Well, the belief in the coming of the New Sun is just a belief, I don't think it impacts the argument much one way or another. The undines are a bit harder to fit, I agree, but it's not impossible, and I'm curious whether more explanation is given in URTH OF THE NEW SUN, which I am now reading, or in the LONG SUN or SHORT SUN books. I'll also note that NEW SUN is a complicated, often oblique book with an unreliable narrator. More things become clear upon a first rereading and I'm sure that will continue to be the case with later rereadings. But I'm fairly confident that Wolfe intended for there to be a scientific explanation for all of the events, not only because Pringle says so, but also because this is in part what the book is about -- about clothing science fiction in the style of quest fantasy. As reviewer Peter Wright notes, NEW SUN involves "the presentation of [a] rational sf novel as a non-rational fantasy". Note also that Wolfe makes an attempt to link the story to "our" time (or to a time that is at least recognizable as "our" future) through the character of Jonas.

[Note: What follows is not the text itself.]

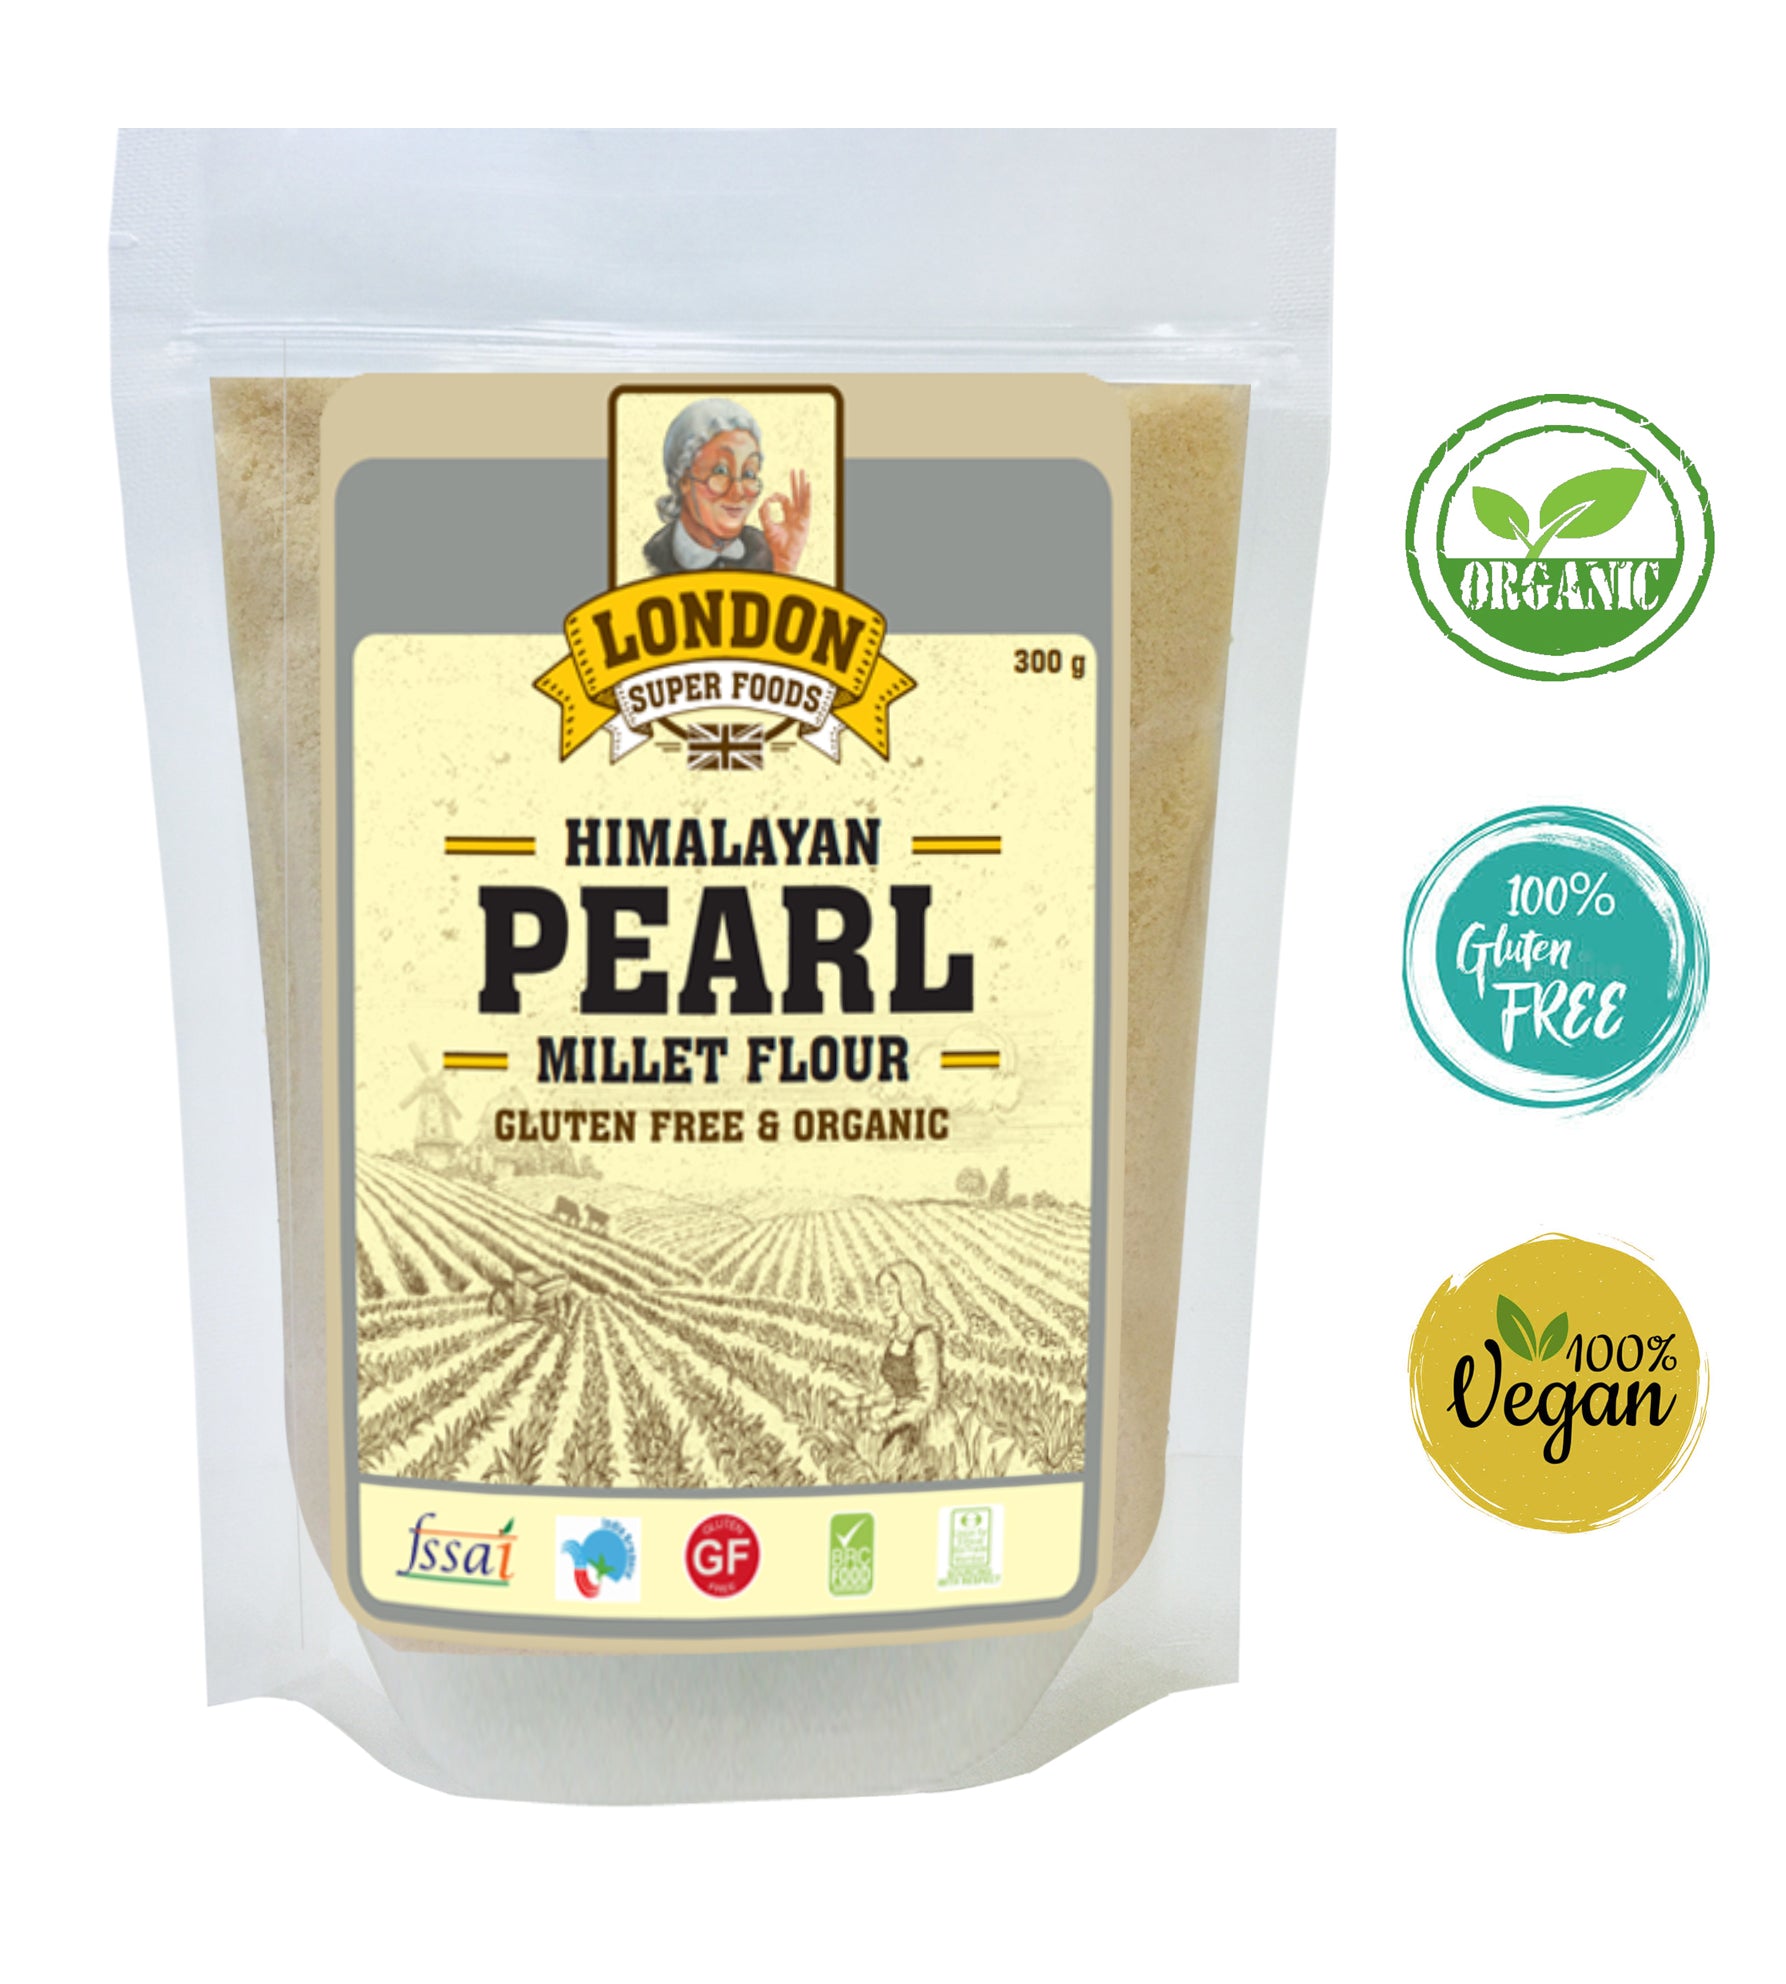 LONDON SUPER FOODS Himalayan Organic Pearl Millet Flour, 300g - Gluten Free

>>Can you make a case that The Book of the New Sun reads more like fantasy, despite the sci-fi content? Of course Wolfe's style is pretty darn unique, but the narrative structure and other stylistic elements bear more resemblance to other fantasy "quest" epics than to science fiction stories.

I agree, see my point above.
 
When summertime arrives I tend to go a little crazy in terms of book buying. Just recently I bought John Marco's The Saints of the Sword , C.S. Freidman's Coldfire Trilogy, Steven Erikson's Memories of Ice.

Next on my wish list is China Mieville's The Scar . If it anywhere near as good as Perdido Street Station then I will be a happy man.

By the way, I'm about halfway through Marco's book and I am enjoying it immensely.